Operant conditioning

Operant conditioning


The theory of operant conditioning (aka instrumental learning) was devised by B F Skinner. It is a theory of learning that's suggests that people learn by operating (interacting) with their environments. 

Reinforcement and punishment

A stimulus/ event that increases the likelihood that a behaviour will be repeated is called a reinforcer. Reinforcement can be either positive or negative. In both positive and negative reinforcement the behaviour is strengthened. Positive reinforcement occurs when a behaviour is strengthened by adding a rewarding stimulus e.g. More likely to come to work if you get paid. Negative reinforcement occurs when a behaviour is strengthened by the removal of an unpleasant stimulus e.g. More likely to put the bins out to put an end to your partner nagging you. 

A stimulus that decreases the likelihood that a behaviour will be repeated is called a punisher. Again there are positive and negative punishers. Positive punishment occurs when a behaviour is reduced in frequency by adding an unpleasant stimulus. An example of positive punishment is if a dog growls at someone who tries to stroke them (an unpleasant stimulus), they will be less inclined to try to stroke them again (reduction in behavioural frequency). An example of negative punishment is a parent taking a child's toys of them (removal of a pleasant stimulus) for throwing their food against the wall, the child should be less inclined to repeat the behaviour. 

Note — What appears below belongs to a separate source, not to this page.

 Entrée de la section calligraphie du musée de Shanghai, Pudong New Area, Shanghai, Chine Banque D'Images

Primary and secondary reinforcers

Primary reinforcers are instinctual desires such as food, water, social approval and sex (be careful with social approval as it is considered by some to be a secondary reinforcer).

Secondary reinforcers (aka conditioned reinforcers) are not innately appreciated and people have to learn to like them through classical conditioning or other methods. Secondary reinforcers include things such as money.

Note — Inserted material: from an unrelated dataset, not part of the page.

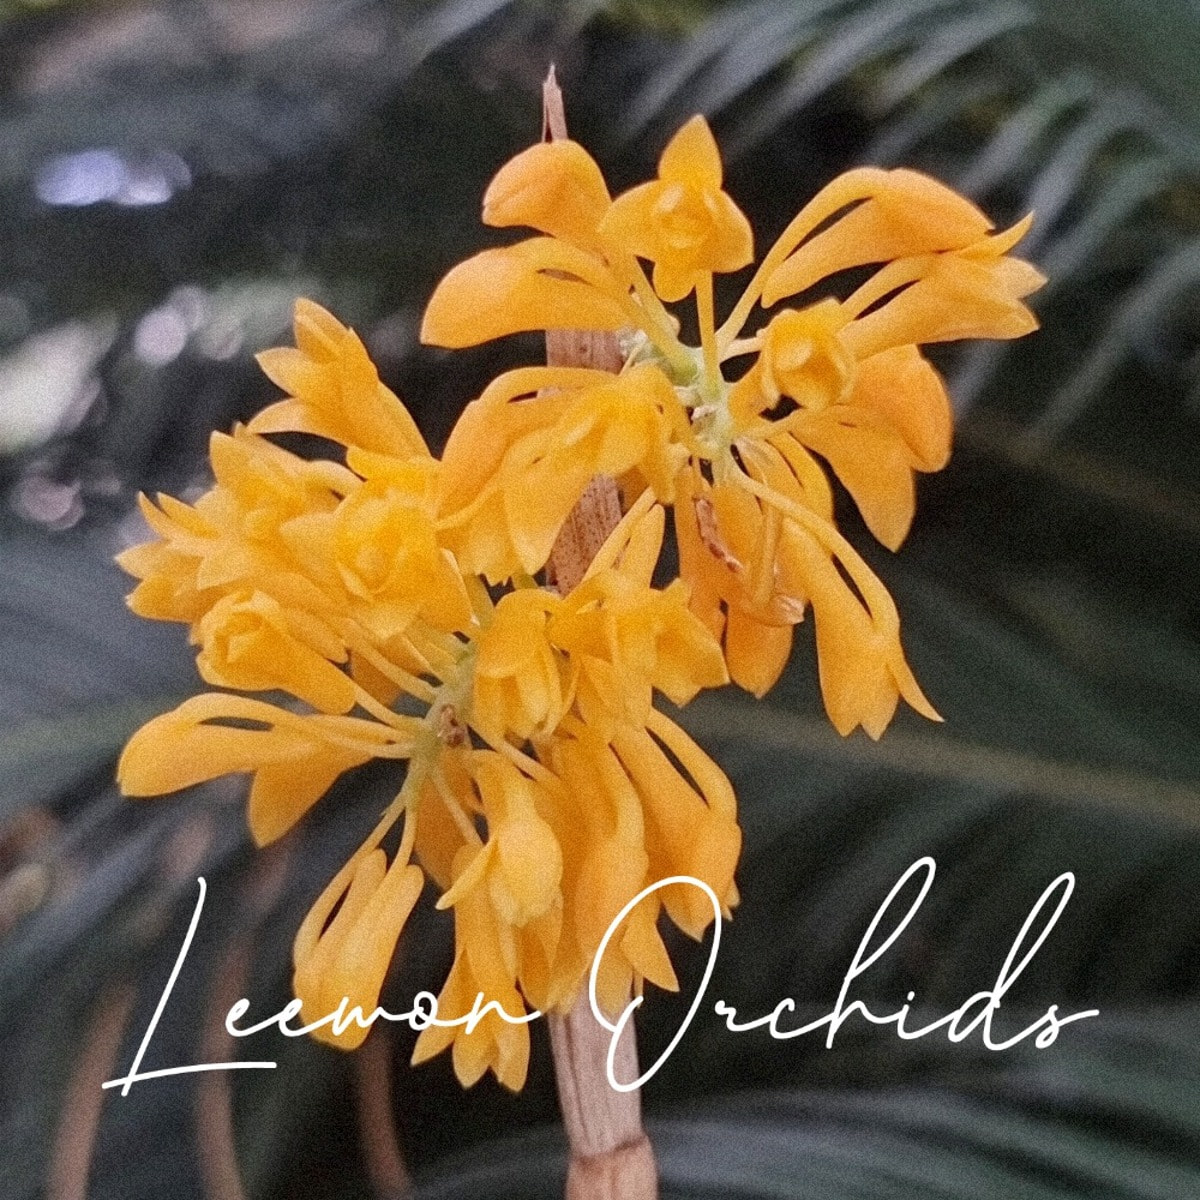 덴드로비움 티온기아이 Dendrobium tiongii (온라인 한정재고: 1)

Schedules of Reinforcement

Different patterns of reinforcement have different influences on the response. There are five main reinforcement schedules

  • Fixed interval - a reward after a fixed amount of time
  • Variable interval - a reward after a varying amount of time
  • Fixed ratio - a reward occurs after a behavior is repeated x number of times
  • Variable ratio - a reward occurs after a random number of responses
  • Random - no pattern

Variable ratio schedules are most resistant to extinction (gambling works in this way).

Shaping and chaining

Sometimes an exact behaviour cannot be performed and so cannot be rewarded. In this instance it is helpful to reward successive, increasingly accurate approximations to the behaviour. This is called shaping.

Chaining involves breaking a complex task into smaller more manageable sections.

Shaping and chaining are similar but different in two main ways:

  • Shaping always moves forward. Where as it is quite possible to move backward with backward chaining

  • Another difference involves when reinforcers are delivered. In shaping, each new approximation is reinforced. In chaining, reinforcers are usually provided at the end of the chain.

Escape conditioning

This actually involves both classical and operant conditioning.

Escape conditioning refers to a situation whereby an aversive situation is removed after a response. It is a form of negative reinforcement. For example, imagine a rat stood on a raised platform in a pool of water. When an electrical current is applied to the plat from the rat will jump into the water to stop the unpleasant sensation of the electric shock (the shock is removed following the response).

When a person learns to respond to a signal in a way that avoids an aversive stimulus before it arrives this is avoidance conditioning. For example, imagine that in the above example, a buzzer sounded just before the electric shock was applied. Eventually the rats would learn to jump off the platform at the sound of the buzzer rather than wait for the shock.

Habituation

Habituation refers to the phenomenon whereby a there is a decrease in response to a stimulus over time (overtime you pay less attention to repeated sounds in your environment). If the stimulus is removed for a period of time and then reintroduced then the response will reappear at full strength. This is referred to as spontaneous recovery.

Covert sensitisation

This is a technique used whereby someone learns to use mental imagery (hence it's covert) to associate a behaviour with a negative consequence.

For example, a person may be encouraged to use imagery to link smoking a cigarette with the development of lung cancer.